Provided material.

--- START ---

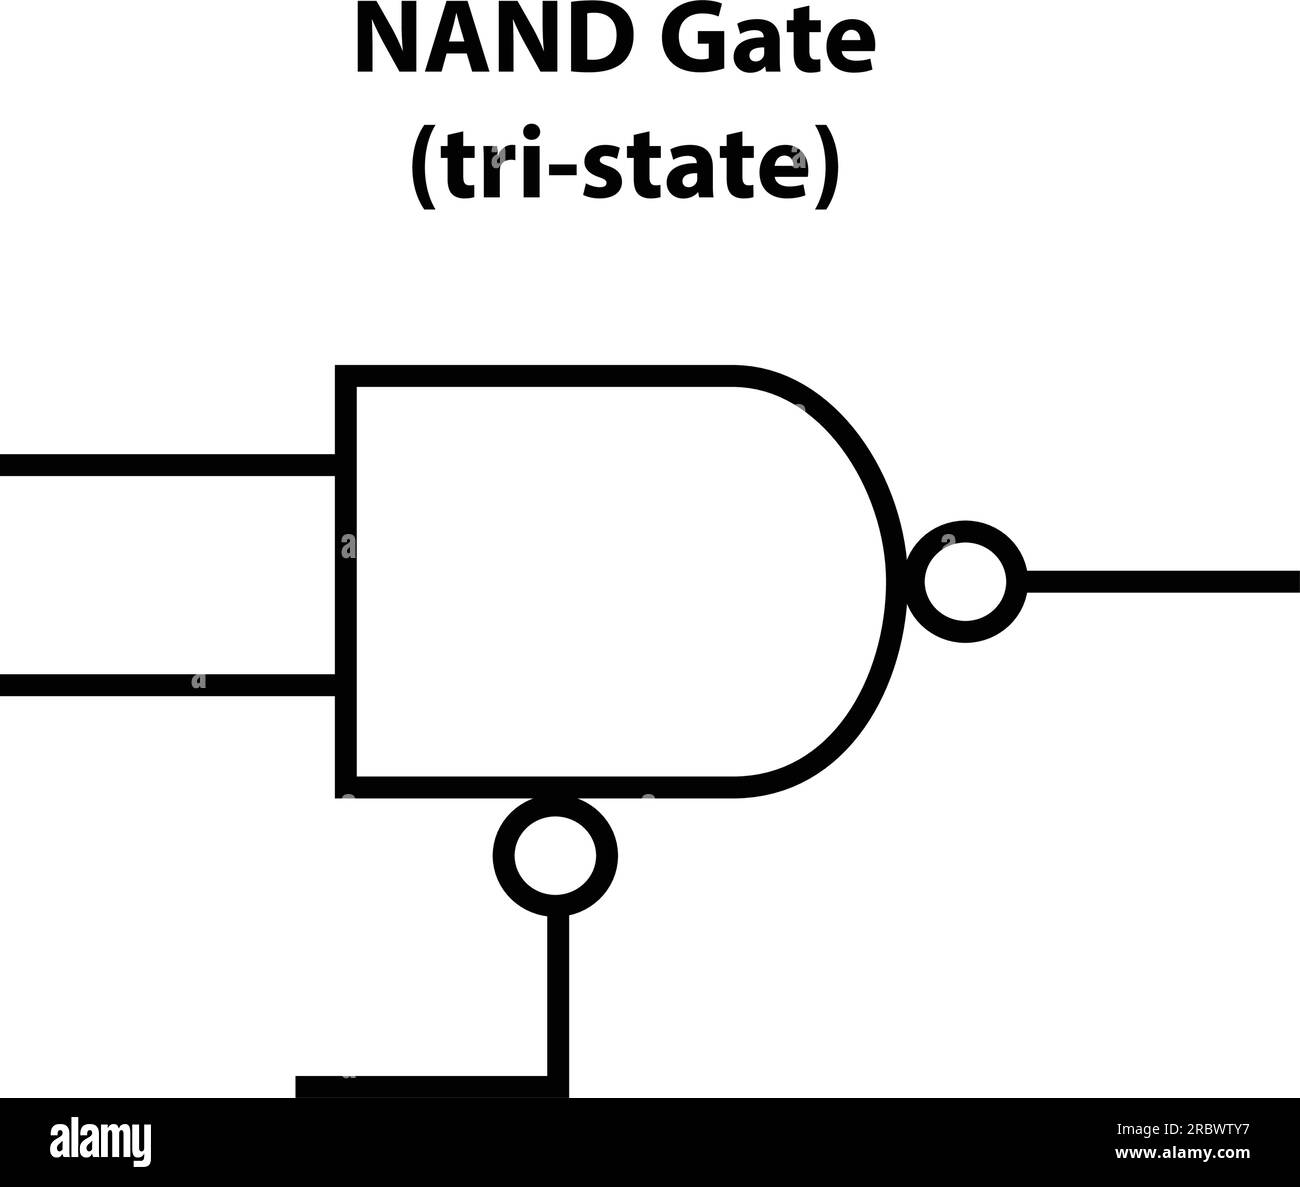 NAND gate (tri-state). electronic symbol of open switch Illustration of basic circuit symbols. Electrical symbols, study content of physics students. Stock Vector
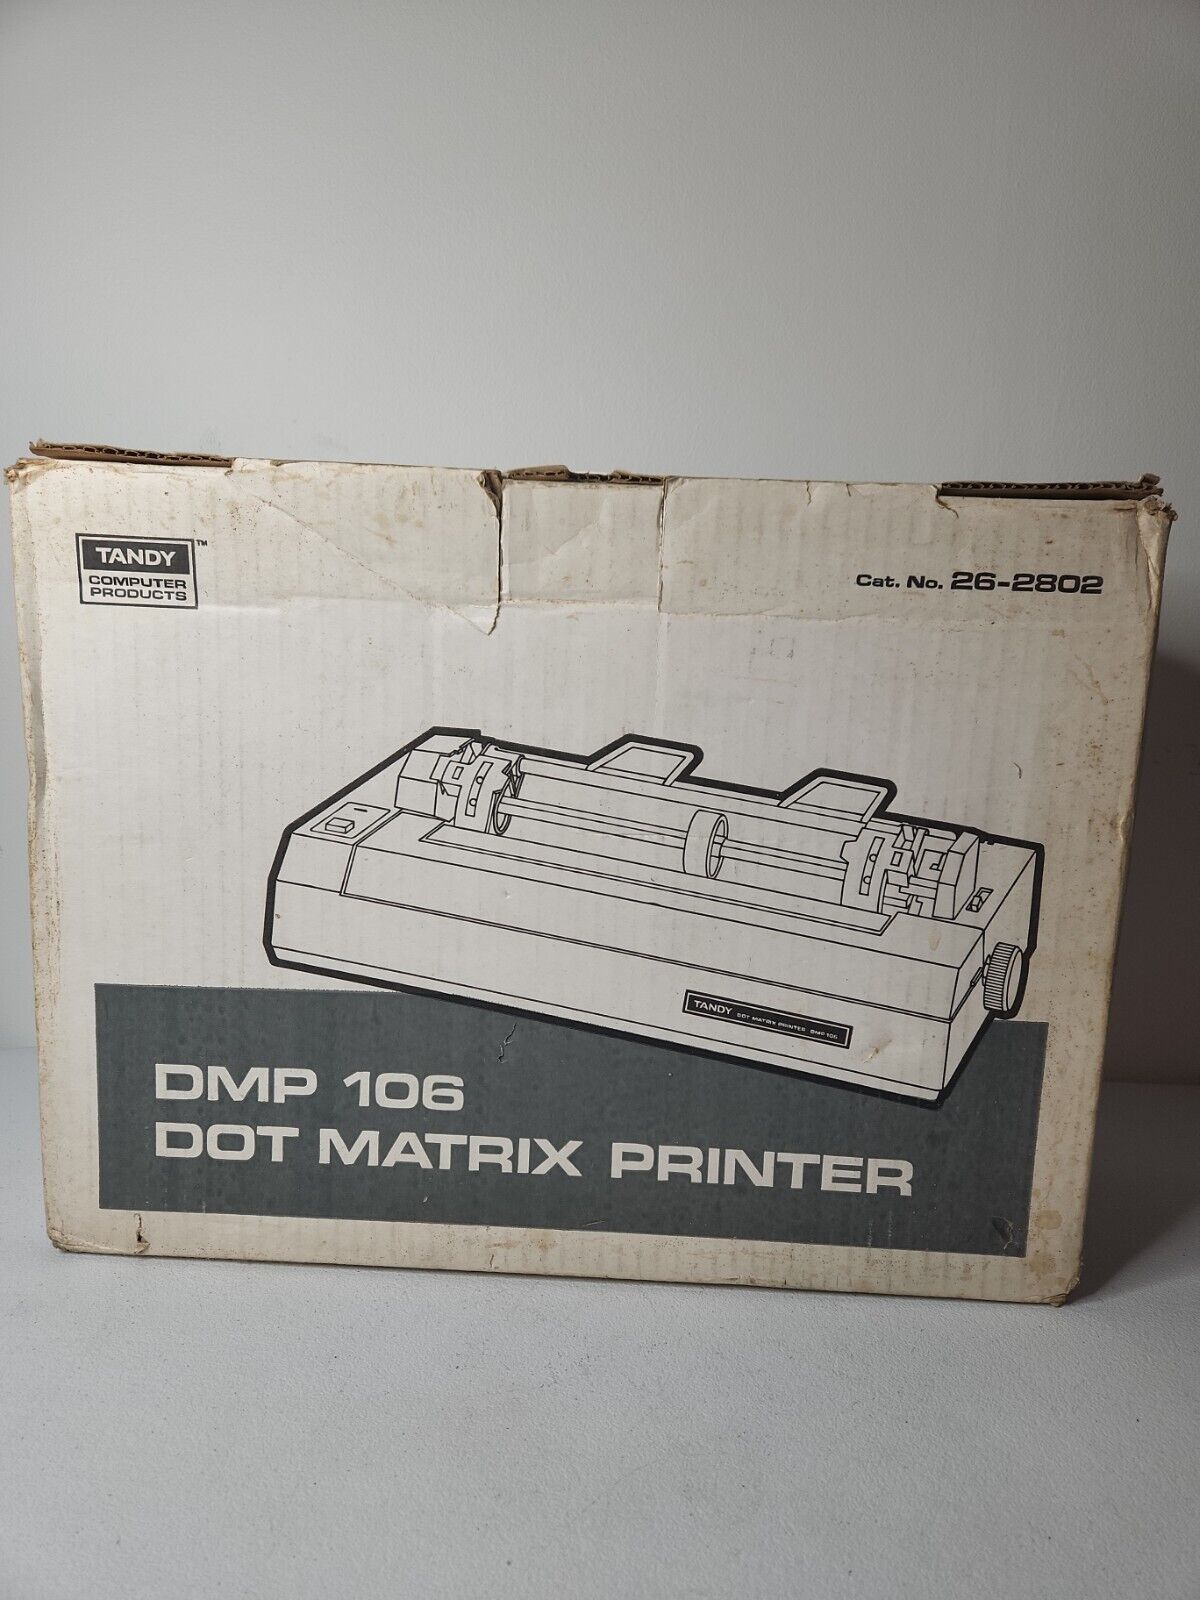 Tandy Dmp 106 Printer With Original Box POWERS ON MOVES Needs New Ribbon
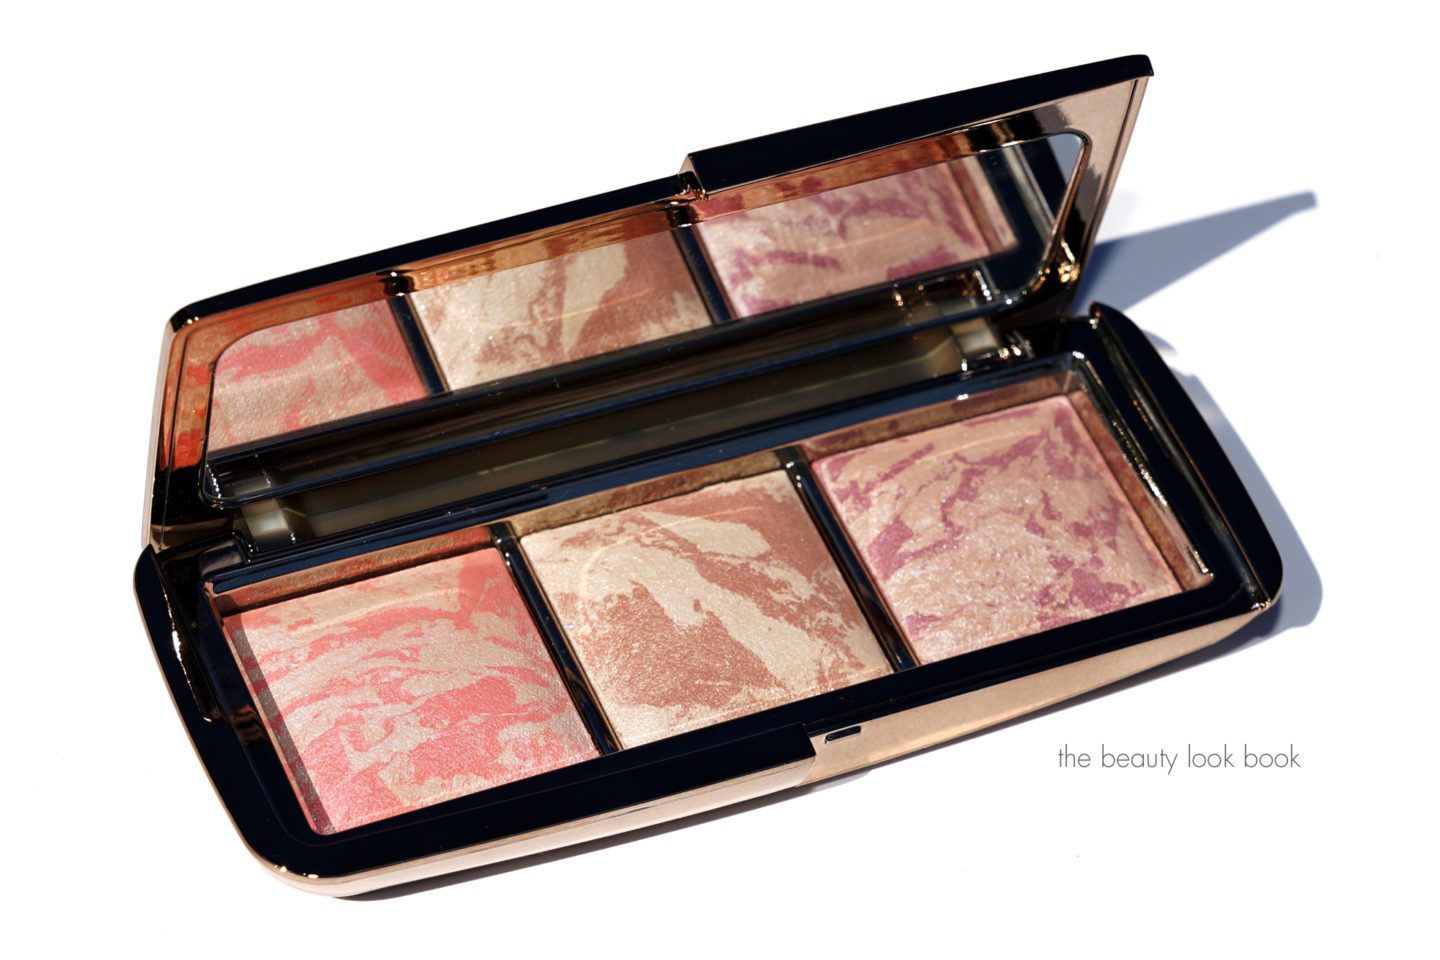 Hourglass Ambient Strobe Lighting Blush Palette reviewed from The Beauty Look Book Blog

--- END ---

Instructions to follow.
Repeat the listing above exactly from its first line to the line containing "Tandy Dmp 106", both included, and omit the pictures.

Your solution.
 NAND gate (tri-state). electronic symbol of open switch Illustration of basic circuit symbols. Electrical symbols, study content of physics students. Stock Vector
 Tandy Dmp 106 Printer With Original Box POWERS ON MOVES Needs New Ribbon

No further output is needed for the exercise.